Бывшие участники боевых действий – отдельная группа искателей убежища, требующая особой защиты?

Нападение России на Украину в начале 2014 года, вызвало острую реакцию не только со стороны международного сообщества, но и стороны граждан многих стран. Нашлось большое количество людей, которые, не являясь гражданами Украины, сочли своим долгом лично выступить на защиту страны.

Они приезжали из России, Беларуси, Казахстана и других стран, чтобы стать военными волонтерами или добровольцами и защищать Украину.  Эти люди действовали по мотивам совести и долга, не ища личной выгоды, а сознательно рискуя своей жизнью ради восстановления справедливости.

Кроме военных рисков, комбатанты (лица, принимающие участие в боевых действиях) и некомбатанты (лица, непосредственно не принимающие участия в боевых действиях) после возвращения к мирной жизни подвергаются опасности преследования на родине. Так, например в России, им грозит преследование по 359 статье УК (наёмничество), а также по другим, не менее тяжким статьям.
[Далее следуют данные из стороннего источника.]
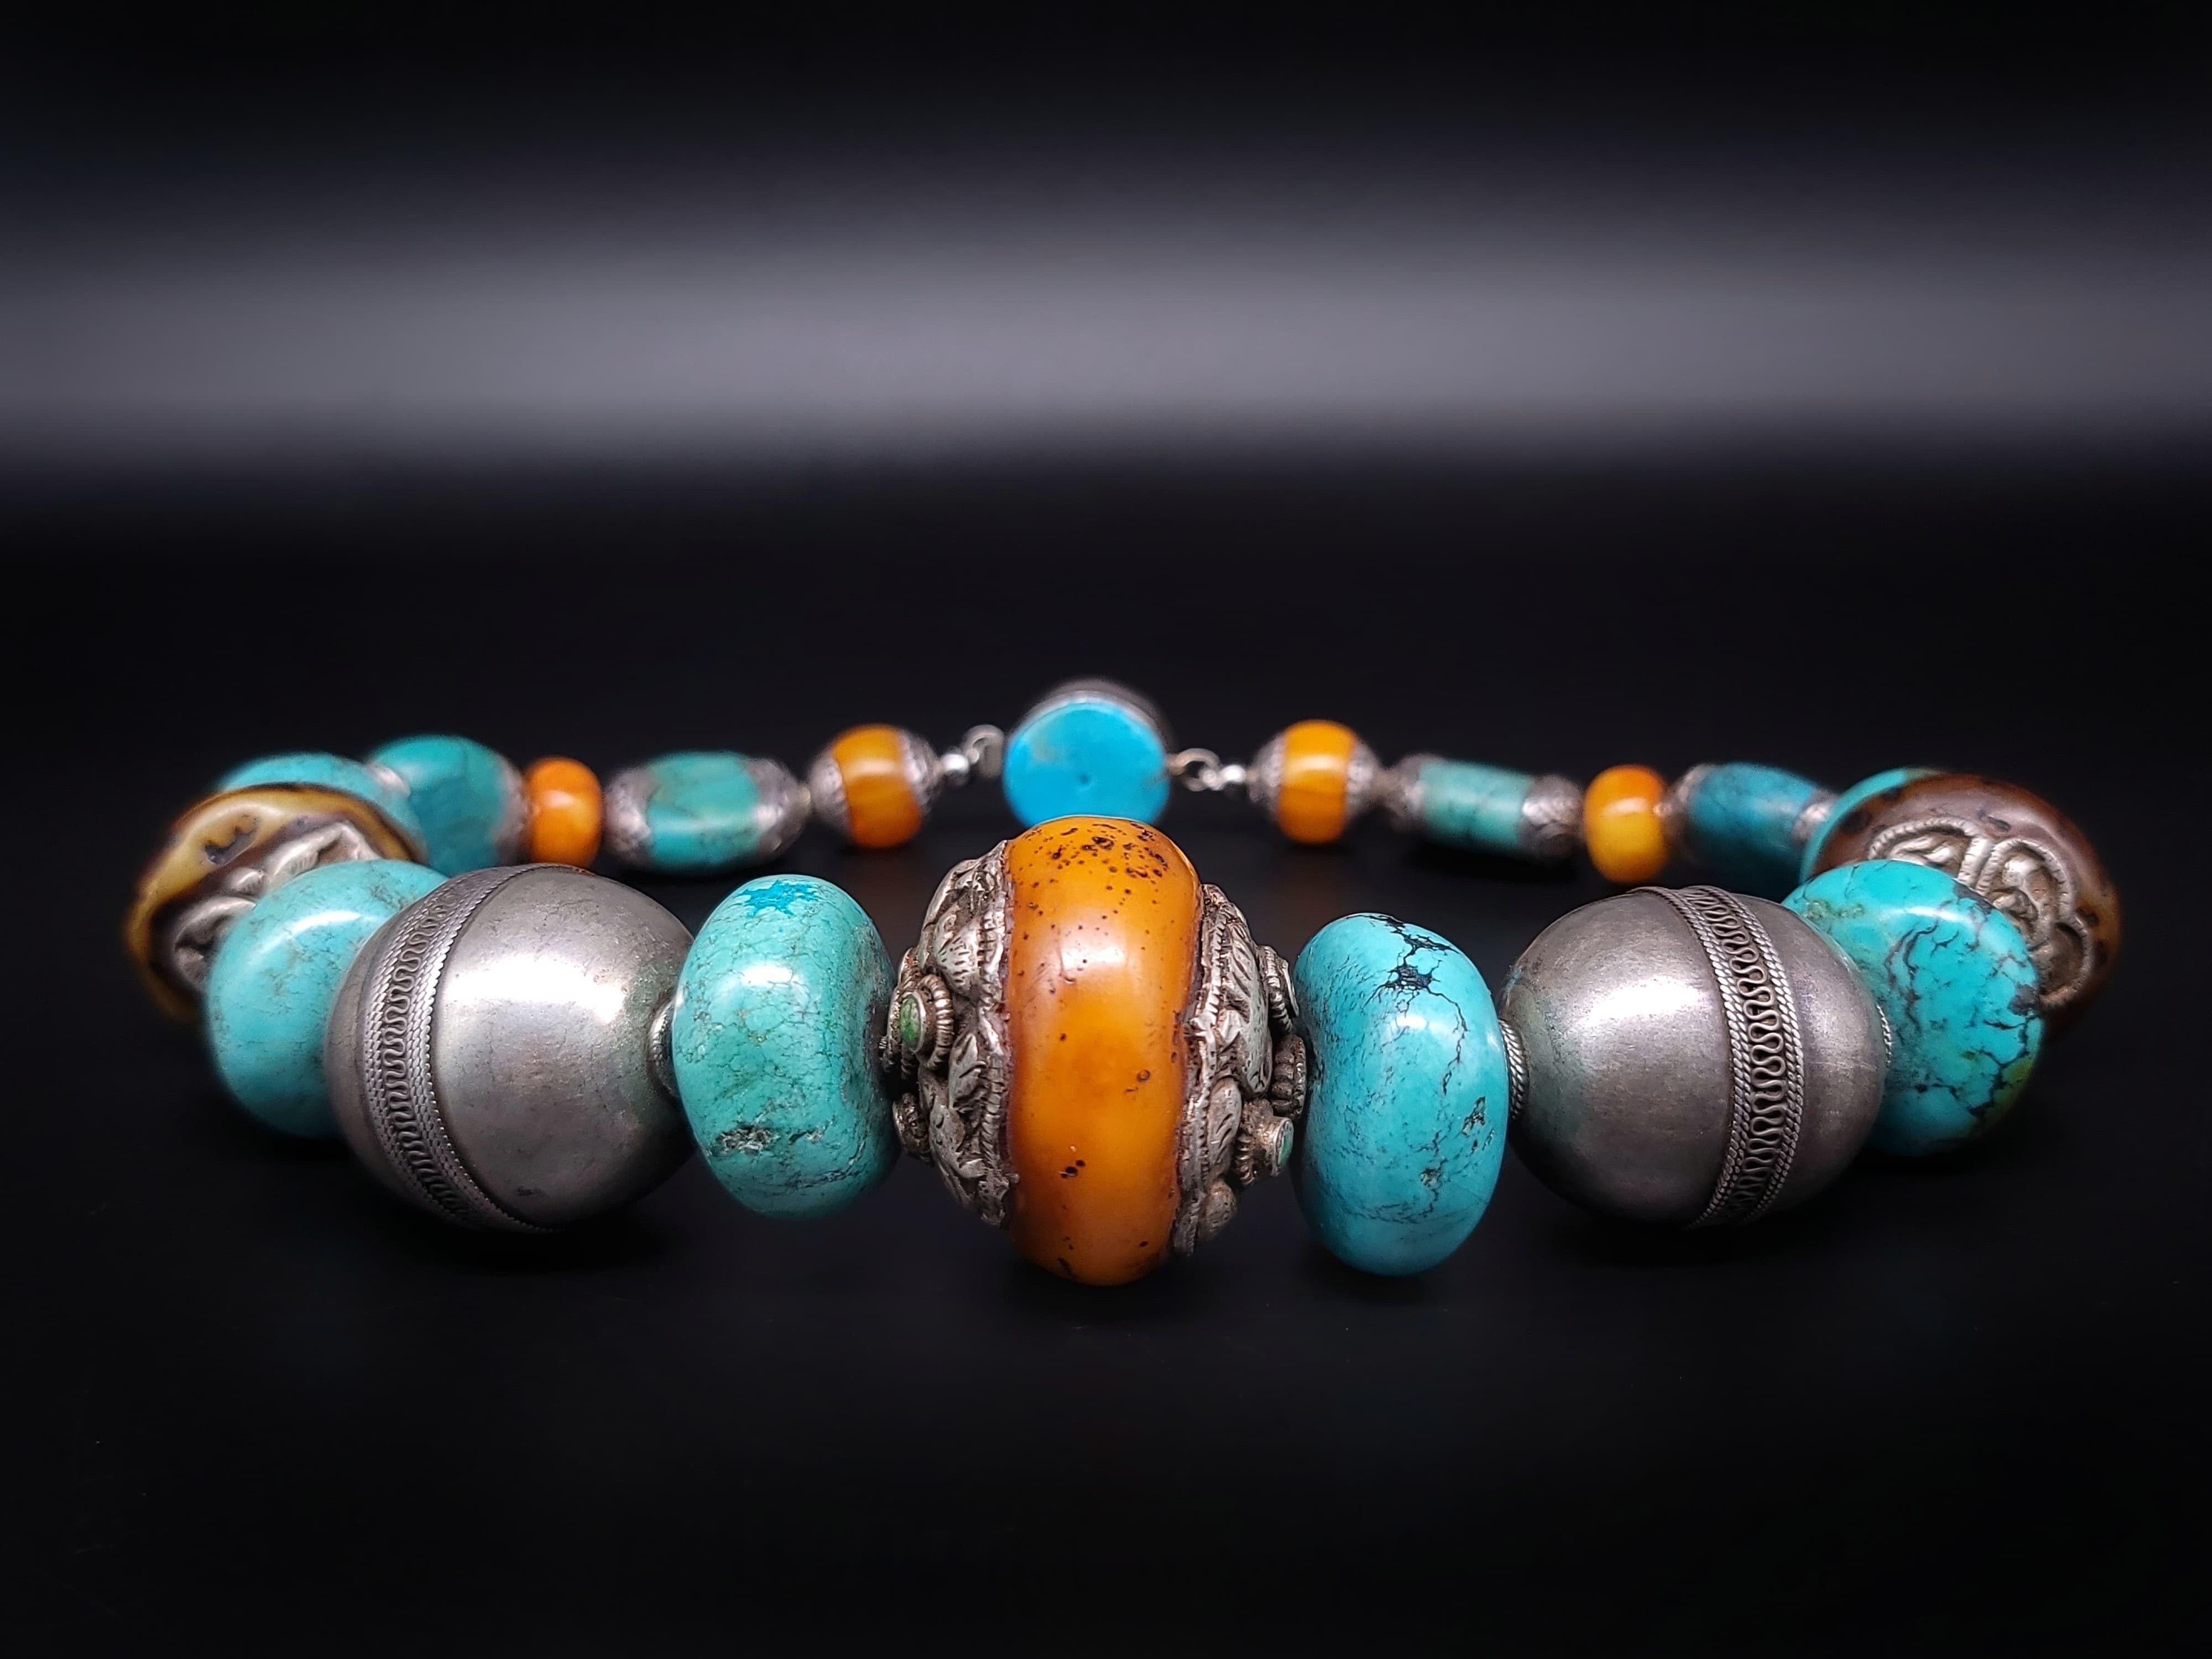 Contemporary A.Jeschel Tibetan Turquoise bold Amber beads necklace. For Sale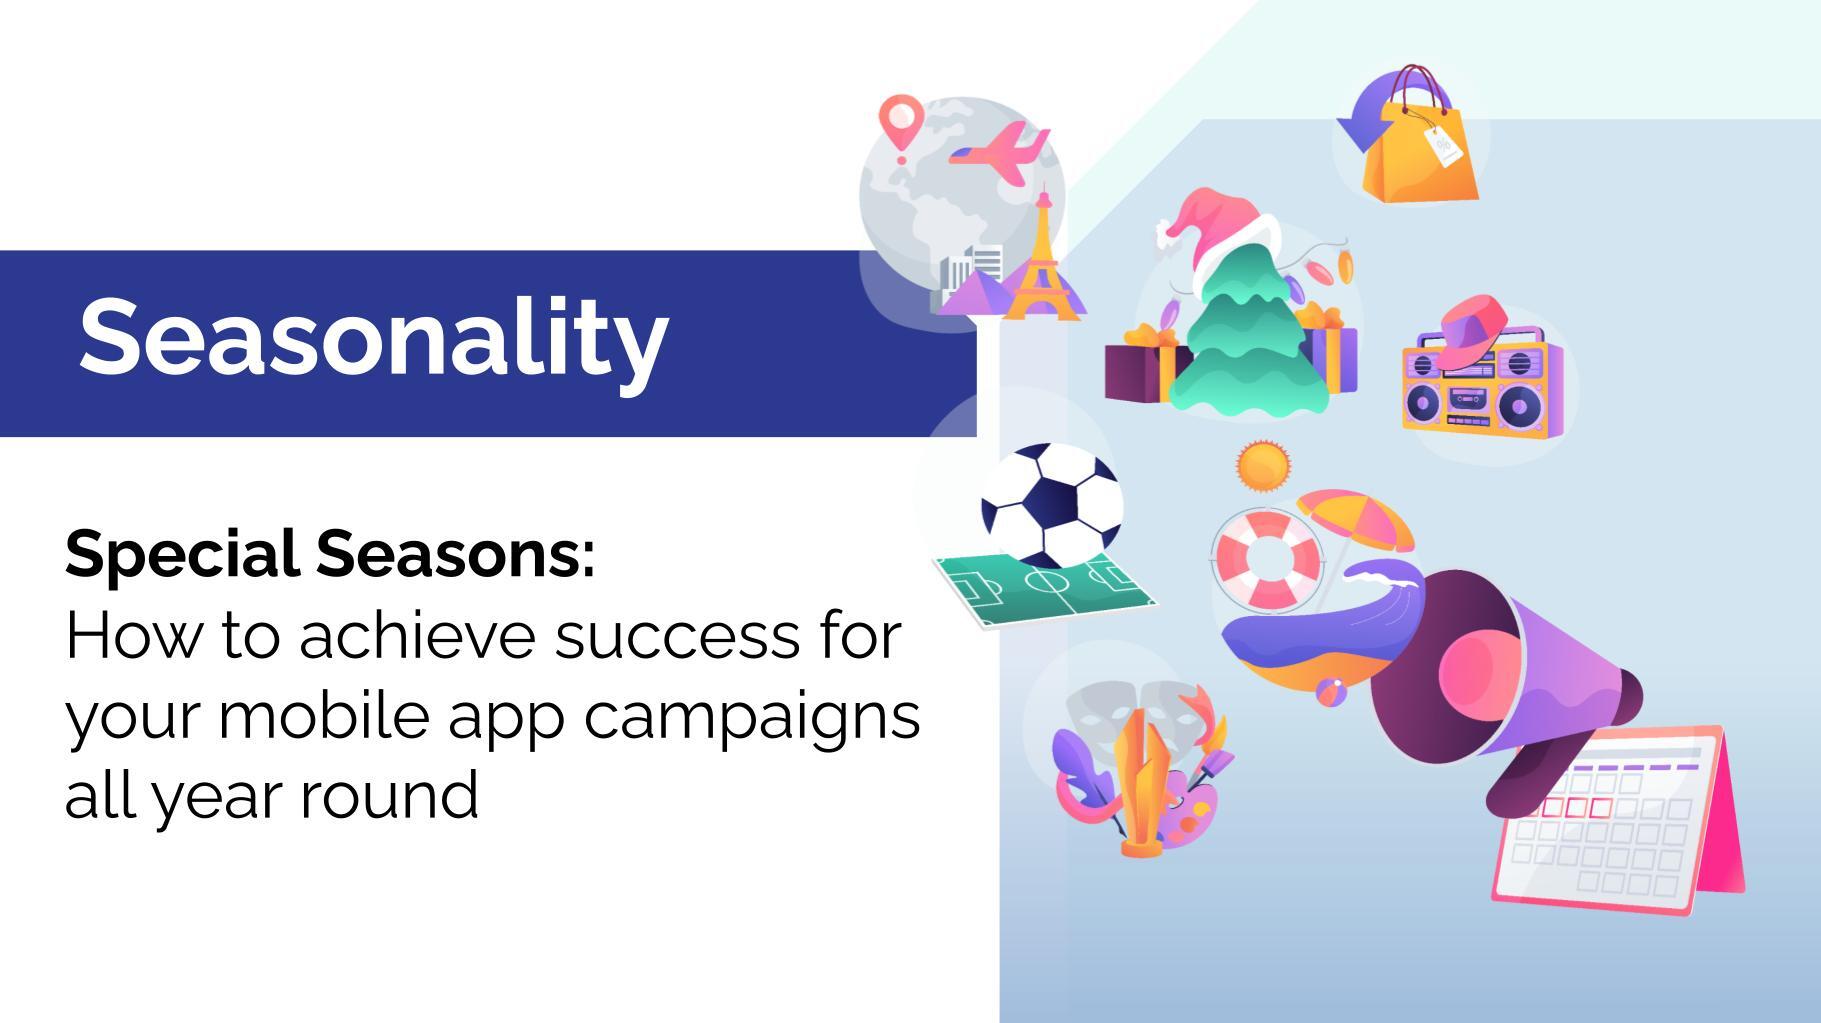 How to achieve success for your mobile app campaigns all year round

Вполне логично для таких людей искать убежища от такой опасности в стране, которую они защищали – Украине.

Искатели убежища такого рода в истории миграционного права – явление не уникальное. Главный международный орган, отвечающий за проблемы лиц, ищущих защиты — Управление Верховного комиссара ООН по вопросам беженцев (УВКБ ООН). Оно признает право на получение защиты в случае, если такие лица в полном объеме и добровольно сложат оружие и откажутся в дальнейшем участвовать в боевых действиях.

Причем специально для миграционной службы Украины УКВБ ООН дал разъяснения о неотъемлемости естественного права на убежище.

 

Речь идет про ситуацию, которая обозначается как беженец «на месте» и раскрывается в пунктах 94 и 95 Руководства по процедурам и критериям определения статуса беженцев УВКБ ООН – «лицо, которое не было беженцем на момент выезда из страны, но которое стало беженцем позднее. Такое лицо становится беженцем «на месте» в виду обстоятельств, которые возникли в стране его происхождения во время его отсутствия».

Итак, такая проблема не является уникальной в международной практике. Её исключительность состоит в другом – количестве заявлений о предоставлении защиты. Обратившихся так много, что можно уверенно сказать — такие заявители сформировали особую социальную группу.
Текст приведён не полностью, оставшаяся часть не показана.